Non-Fiction Reviews


The Little Book of Chocolat
Fifty recipes celebrating the bestselling novel Chocolat

 

(2013) Joanne Harris, Transworld, £12.99, hrdbk, 127pp, ISBN 978-0-857-52200-9

 

 

Now you may wonder what on Earth has a recipe book, let alone one on chocolate, has to do with SF? If you are then you are not of the old guard of the British SF community whose heydays were the 1980s and 1990s. Back then food was certainly somewhere on the fan agenda: the thought that McDonalds was a good food resource for hungry fans at a convention (as has happened on more than one occasion in the 2010s) simply would have been laughed out of court. The reason the British Eastercon's banquet fell into disrepute in the late 1990s was that hotel catering was so variable and tended towards the low end of acceptability. Of course there were exceptions and there were even fan recipe books. Remember BECCONs There Are Never Enough Mushrooms? The practical thought that went into that was considerable. It was spiral bound so that it would stay open flat. The cover had an outer sheet of transparent plastic in case of kitchen spillage. The temperatures were not only given in both Celsius and Fahrenheit but also gas regulo equivalents: how many cook books do that?
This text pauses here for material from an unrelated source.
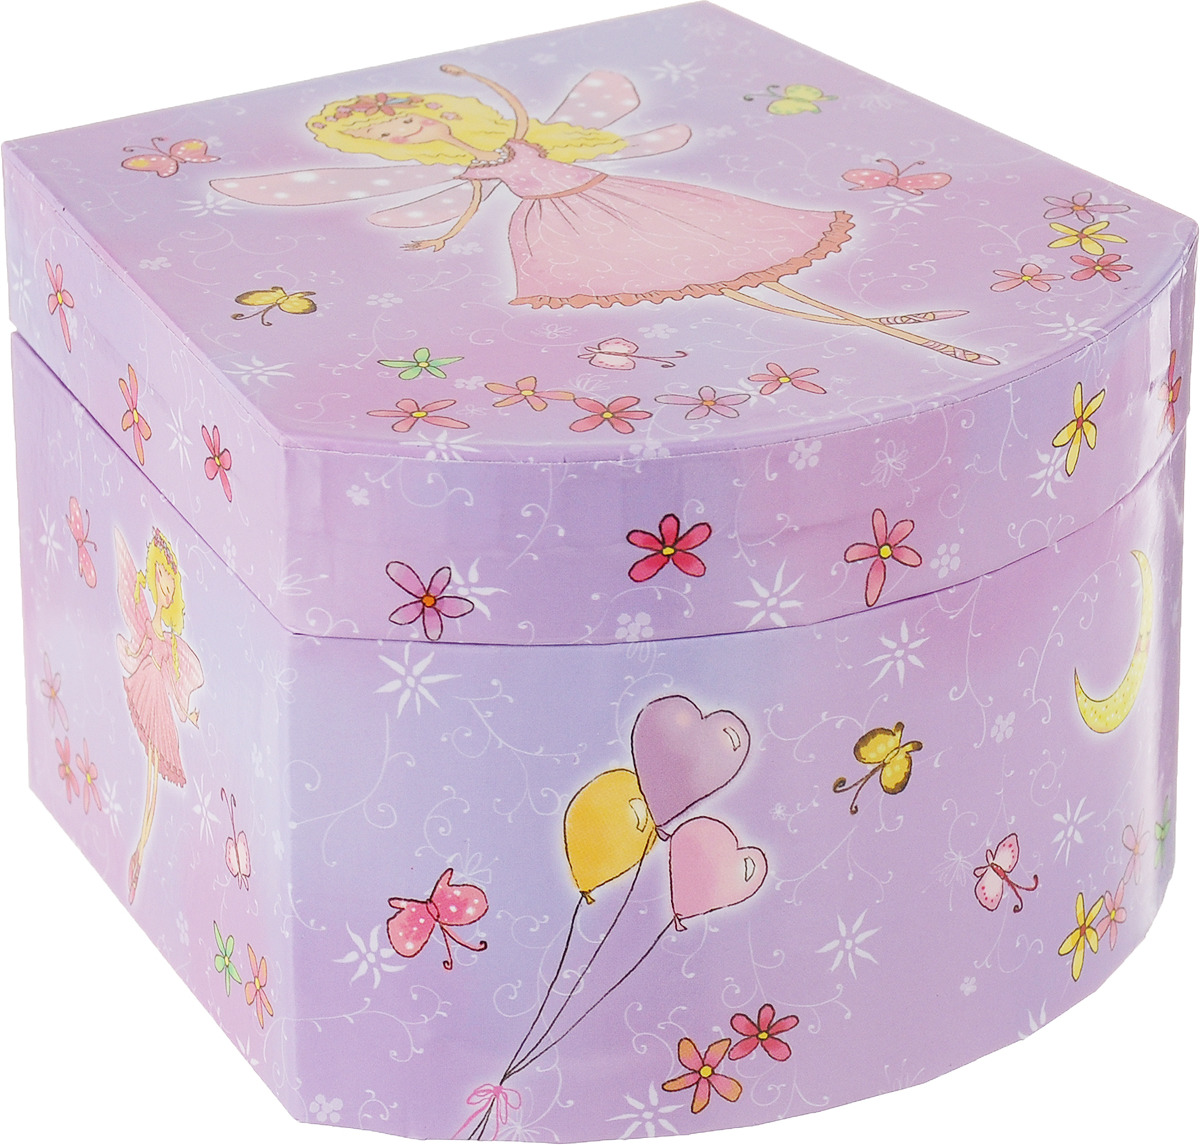 Музыкальная шкатулка Jakos, 411000-411904, фиолетовый

And then we come to SF and chocolate. Imagine the delight when it was discovered that the 1989 Eastercon was to be held at the De France Hotel on the Channel Island of Jersey and that that hotel had within it a chocolate shop! It sold 5 kg 80% cocoa chocolate bars. And then imagine the horror when barely a day into the convention the chocolate shop sold out, and with the convention being held over Easter Bank Holiday there was no prospect of re-stocking!  The next time fandom went to the De France (for the 1993 Eastercon cum Eurocon) the convention's Progress Reports encouraged delegates to place advance orders at a specially arranged discount price, for collection on the day. (And from a Concatenation perspective, for a couple of years following that event Concatenation dinners saw Elaine's ever so scrummy chocolate mousse… But I digress. The point is that there is a firm connection between British SF fandom and chocolate. And this brings us on to Joanne Harris' The Little Book of Chocolat.
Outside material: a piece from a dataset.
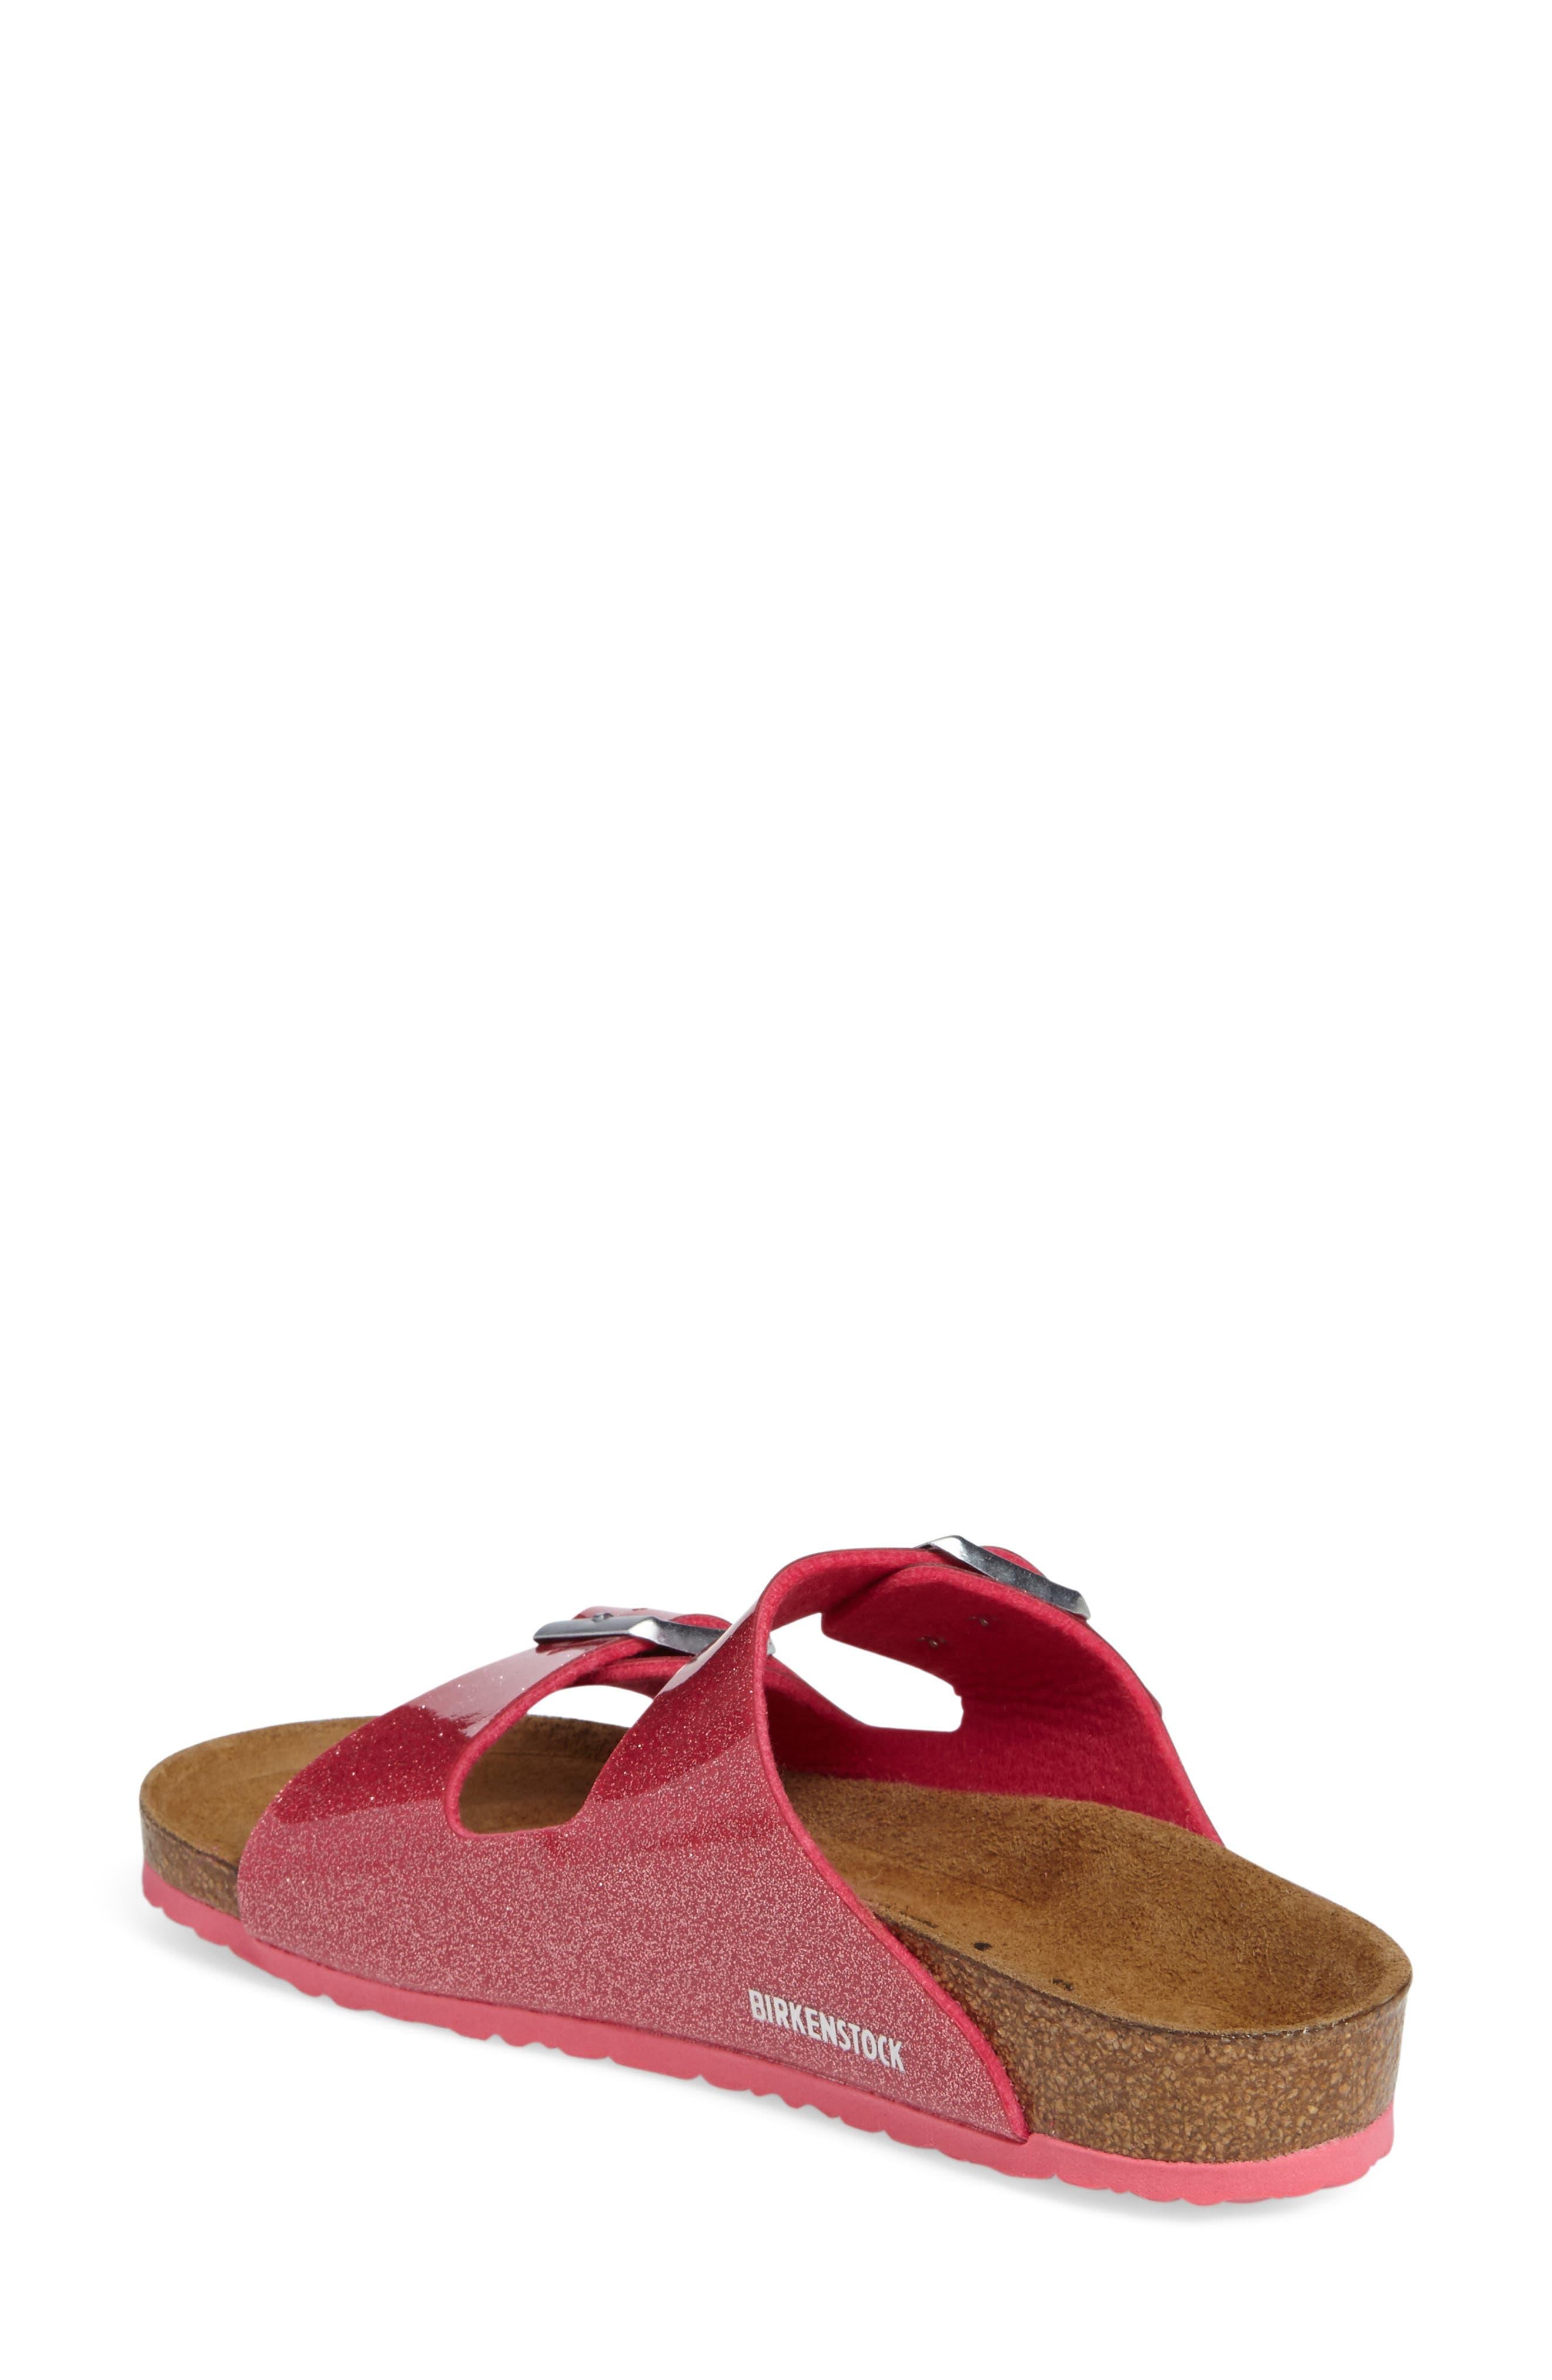 'Arizona Galaxy Birko-Flor' Slide Sandal,                             Alternate thumbnail 8, color,

Joanne Harris is the author of the (mundane [in its SFnal sense]) novel Chocolat which was made into an Oscar-nominated film in 2000. With this recipe book she is assisted by foodie Fran Warde, so we can be assured that the recipes in this little book work.

The book begins with an introduction to the history of chocolate immediately followed by a short chapter that is essentially on tempering chocolate: the means by which you can make the surface of chocolate to ensure that it cools with a smooth dark surface without sugar crystals. But skipping over these minor gems we come to the recipes. These come with mouth-watering, full colour illustrations. We get recipes of varying complexity including for cakes, desserts and drinks. Nearly all look and sound simply divine. The only one I am not sure works is the chilli-chocolate shot drinks but I am ore than willing to be a guinea pig (though the edible gold leaf on the top is literally over the top). Vianne's hot chocolate with cognac, Amaretto and Cointreau looks like a brilliant way to round off a dinner. And the maple and walnut chocolate ice cream… Sorry I am beginning to drool.
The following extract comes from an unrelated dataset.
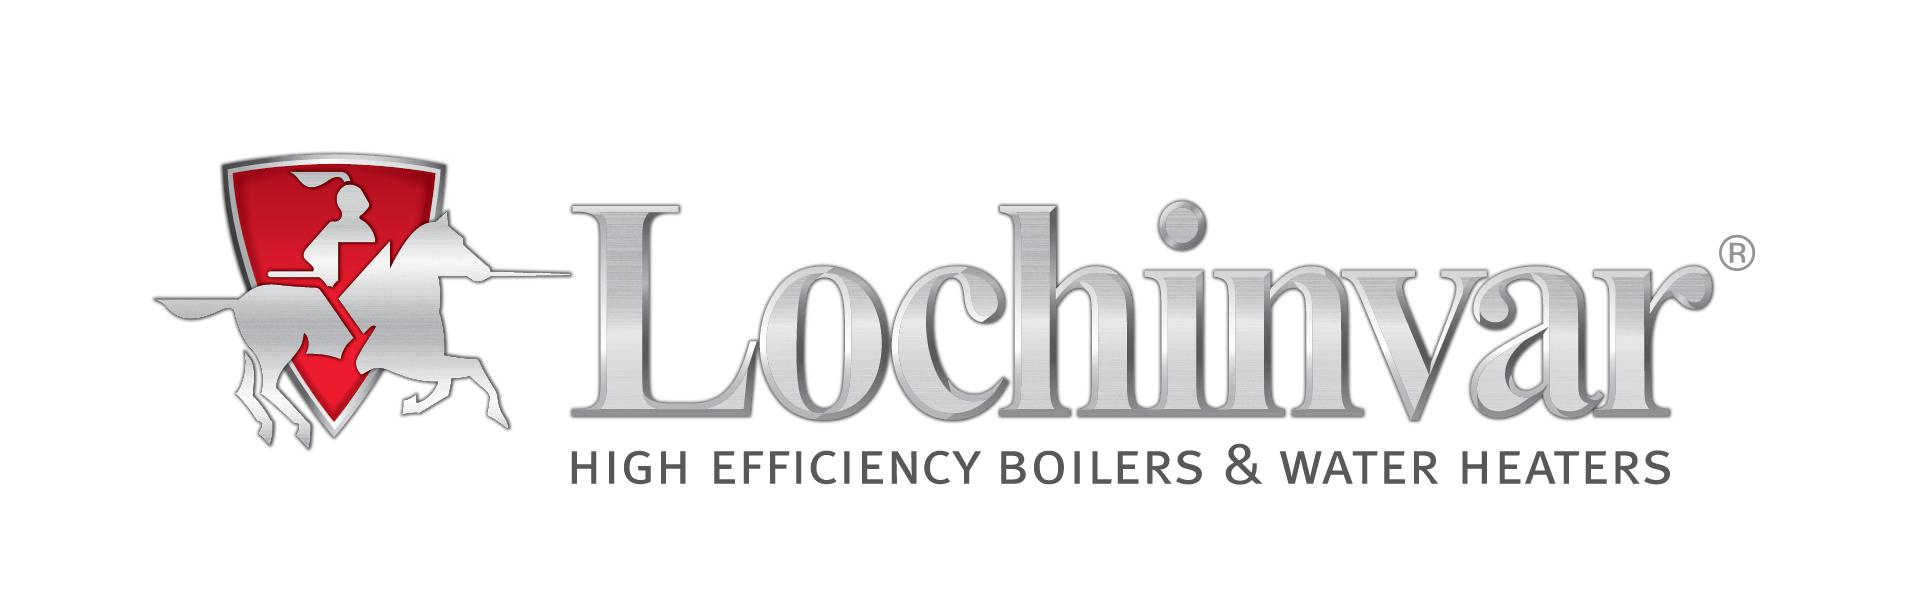 Lochinvar company logo

There is no contents list of menus at the book's start, and this – strangely – is in fact wise. What we get instead is a detailed subject index at the back. This means that while I may not remember the title of a recipe for a cake or a spread, or a waffle or a drink, instead I can look up waffle etc and get directed to the appropriate page. Neat.

Hugely recommended, The Little Book of Chocolat makes for a great Christmas stocking filler and an essential hint you must give to the special cook in your life.